|Dabo v One Hudson Yards Owner, LLC|
|2019 NY Slip Op 07751|
|Decided on October 29, 2019|
|Appellate Division, First Department|
|Published by New York State Law Reporting Bureau pursuant to Judiciary Law § 431.|
|This opinion is uncorrected and subject to revision before publication in the Official Reports.|
Cornell Grace, P.C., New York (Porsha Johnson of counsel), for appellants.
Sullivan Papain Block McGrath & Cannavo, P.C., New York (Brian J. Shoot of counsel), for respondent.
Order, Supreme Court, New York County (Paul A. Goetz, J.), entered on or about October 12, 2018, which denied defendants' motion for a protective order to prevent disclosure of their insurer's accident investigation report, unanimously reversed, on the law, without costs, and the motion granted.
Documents in an insurer's claim file, including an accident investigation report, that were prepared for litigation against its insured are immune from disclosure (see CPLR 3101[d]; Recant v Harwood, 222 AD2d 372, 373-374 [1st Dept 1995]).
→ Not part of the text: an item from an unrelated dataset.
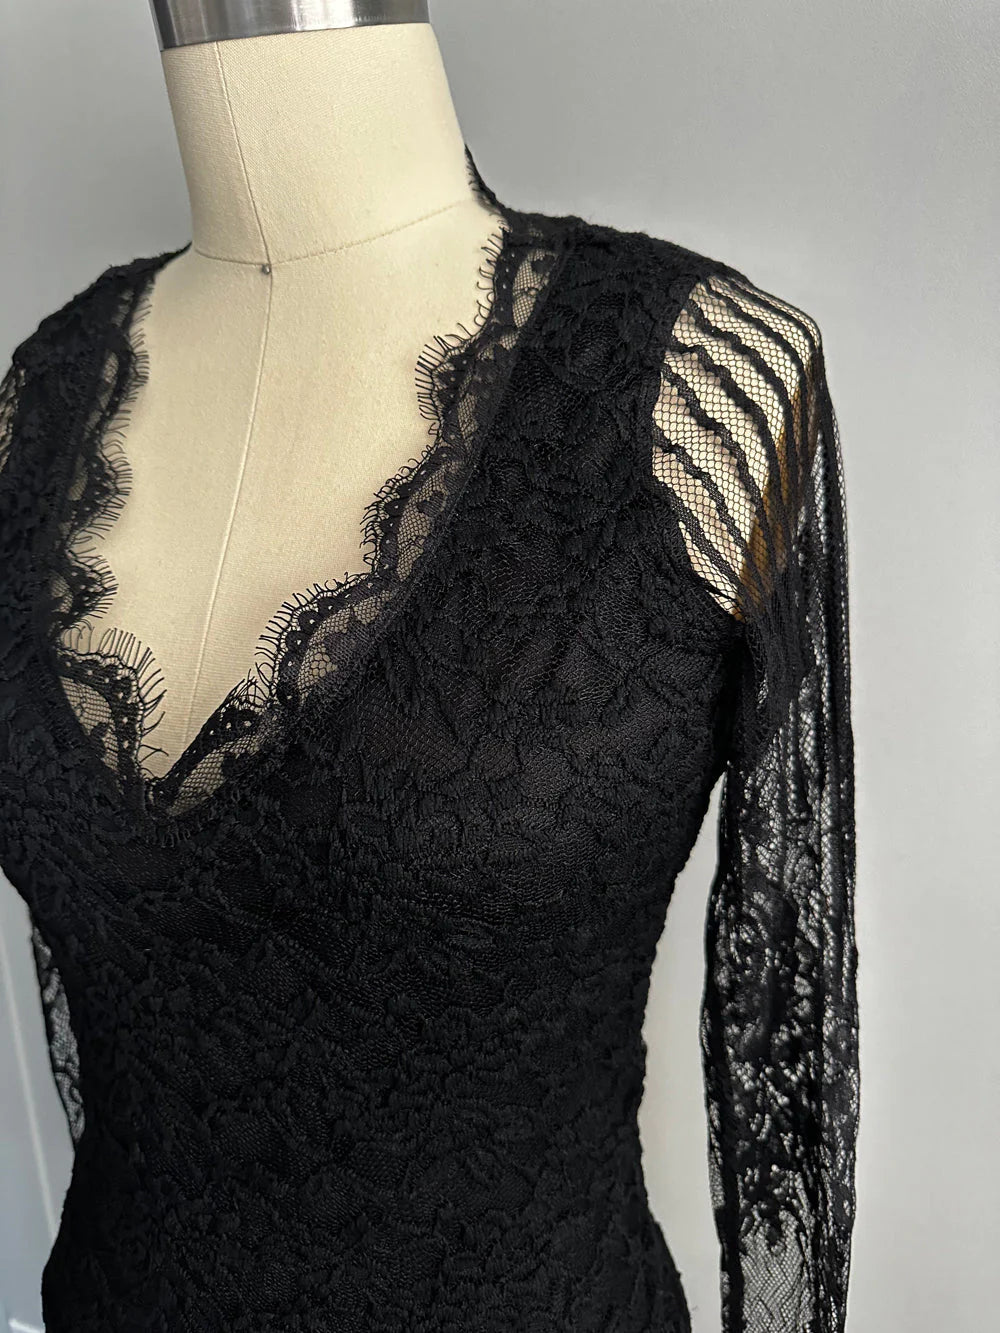 Black Victorian Lace Top

Although documents in a first-party insurance action prepared in an insurer's ordinary course of business in investigating whether to accept or reject coverage are discoverable (see CPLR 3101[g]; Brooklyn Union Gas Co. v American Home Assur. Co., 23 AD3d 190, 191 ), there is no indication that such documents are being protected here. In the absence of any demonstration of hardship by plaintiff, the insurer's accident investigation report remains privileged (see Veltre v Rainbow Convenience Store, Inc., 146 AD3d 416 [1st Dept 2017]).
THIS CONSTITUTES THE DECISION AND ORDER
OF THE SUPREME COURT, APPELLATE DIVISION, FIRST DEPARTMENT.